Pilihan jalan hidup Kang Tjetje menunjukan keluhuran pemikiran seorang patriotik. Menurut Niccolo Machiavelli, patriotisme adalah hasrat keutamaan (virtuous) demi kebaikan bersama (common good), dan bukan identik dengan jargon-jargon nasionalistik. Rasa cinta tanah air mendorong setiap warga negara meraih kebaikan bersama yang tidak dibatasi jabatan atau posisi kekuasaan. Inilah yang membuat Kang Tjetje gelisah melihat realitas politik melenceng dari tujuan mulia, yakni meletakan kepentingan bersama (res publica) di atas kepentingan pribadi (res privata).
Obituari ini adalah substansi sambutan saya yang disampaikan pada acara refleksi 80 tahun Tjetje Hidayat Padmadinata di Gedung Indonesia Menggugat Bandung tahun 2015. Saya sengaja memakai pisau analisis Machiavellian. Disamping ada kesamaan karakter paradoksal pada diri Kang Tjetje dengan Niccolo Machiavelli, juga karena banyak orang keliru menafsirkan pemikiran filusuf yang lahir di Florensia, Italia tahun 1469. Machiavelli dianggap mencetuskan ide politik kotor menghalalkan segala cara.
Machiavelli memang sering disalahpahami, terutama pemikiran yang dituangkan dalam karya kontroversial Il Principle (Sang Pangeran) ditulis sekitar tahun 1513. Tetapi jangan lupa, bahwa Il Principle merupakan anjuran kepada penguasa yang mempunyai konteks historis spesifik. Ketika itu negara republik Florensia terancam jatuh akibat rongrongan penjajahan Spanyol, invasi kelompok barbar, intrik kekuasaan gereja, kebusukan kaum bangsawan, dan korupsi merajalela. Menghadapi situasi itu Machiavelli menegaskan penguasa semestinya ditakuti dan dicintai rakyatnya. Penguasa menjamin ketertiban boleh dengan cara-cara kekerasan. Bahkan moralitas ideal bagi Machiavelli bukan hal penting untuk mempertahankan kepentingan politik.

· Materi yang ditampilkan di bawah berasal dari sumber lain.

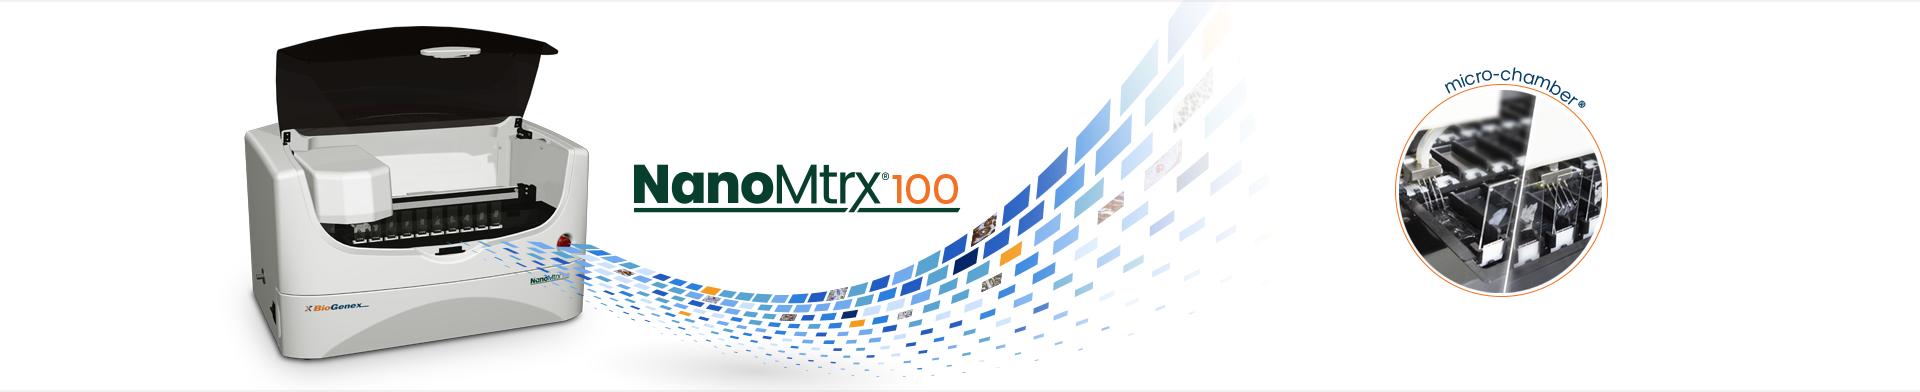 NanoMtrx® 100

Demarkasi antara moralitas dan politik memberi arti bahwa politik soal duniawi mensyaratkan rasionalitas. Politik tidak lagi ditentukan oleh moralitas yang diukur berdasar dogmatisme agama. Pemikiran Machiavelli sesuai semangat zaman Renaissance, era pencerahaan abad pertengahan di dataran Eropa yang ditandai tumbuhnya kepercayaan akan kemampuan rasionalitas manusia mengatasi urusan-urusan kemaslahatan tanpa kekuasaan transenden.

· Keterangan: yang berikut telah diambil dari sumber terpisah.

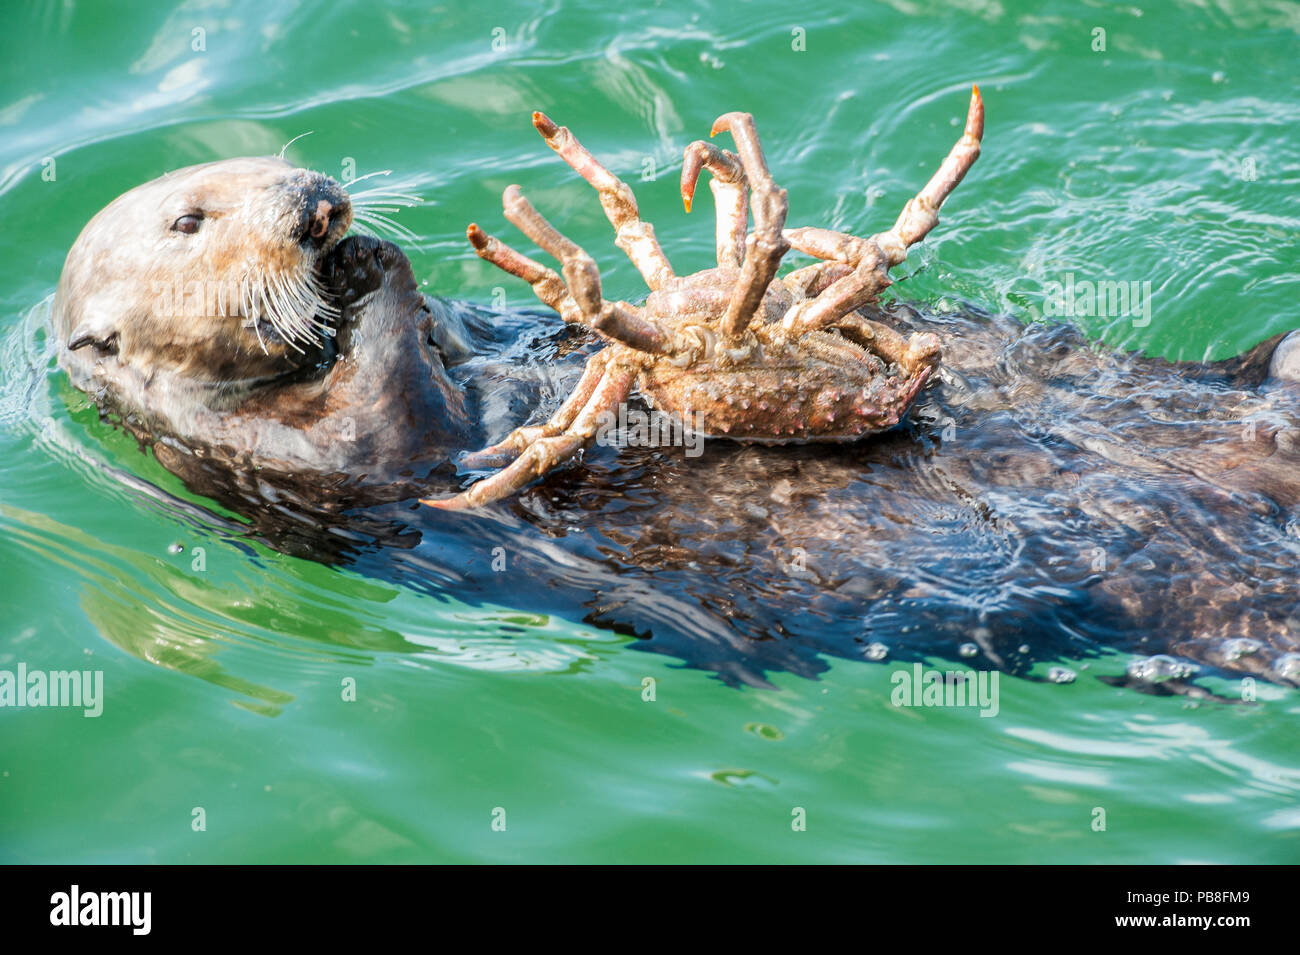 California sea otter (Enhydra lutris) feeding on Northern kelp crab, Monterey Bay, California, USA, Eastern Pacific Ocean, May - Stock Image

Dengan kata lain Machiavelli sebetulnya orang pertama memulai tradisi pemikiran modern negara republik. Kaum republikan meniscayakan dua hal, pertama kemauan mendahulukan keutamaan publik (civic virtue). Kedua, warga negara bukan diatur oleh raja atau kekuasan absolut, tapi tunduk kepada hukum. Machiavelli menggarisbawahi warga negara yang mengikuti aturan hukum, maka dia memiliki kebebasan. Di sini perbedaan kebebasan republikan yang berlandaskan hukum mengandung sifat imperatif harus ada jaminan kebebasan bagi orang lain. Mengingat hukum adalah sistem impersonal mengatur tata-kelola kehidupan bersama. Sementara pemahaman kebebasan kaum liberal menitikberatkan kebebasan individual.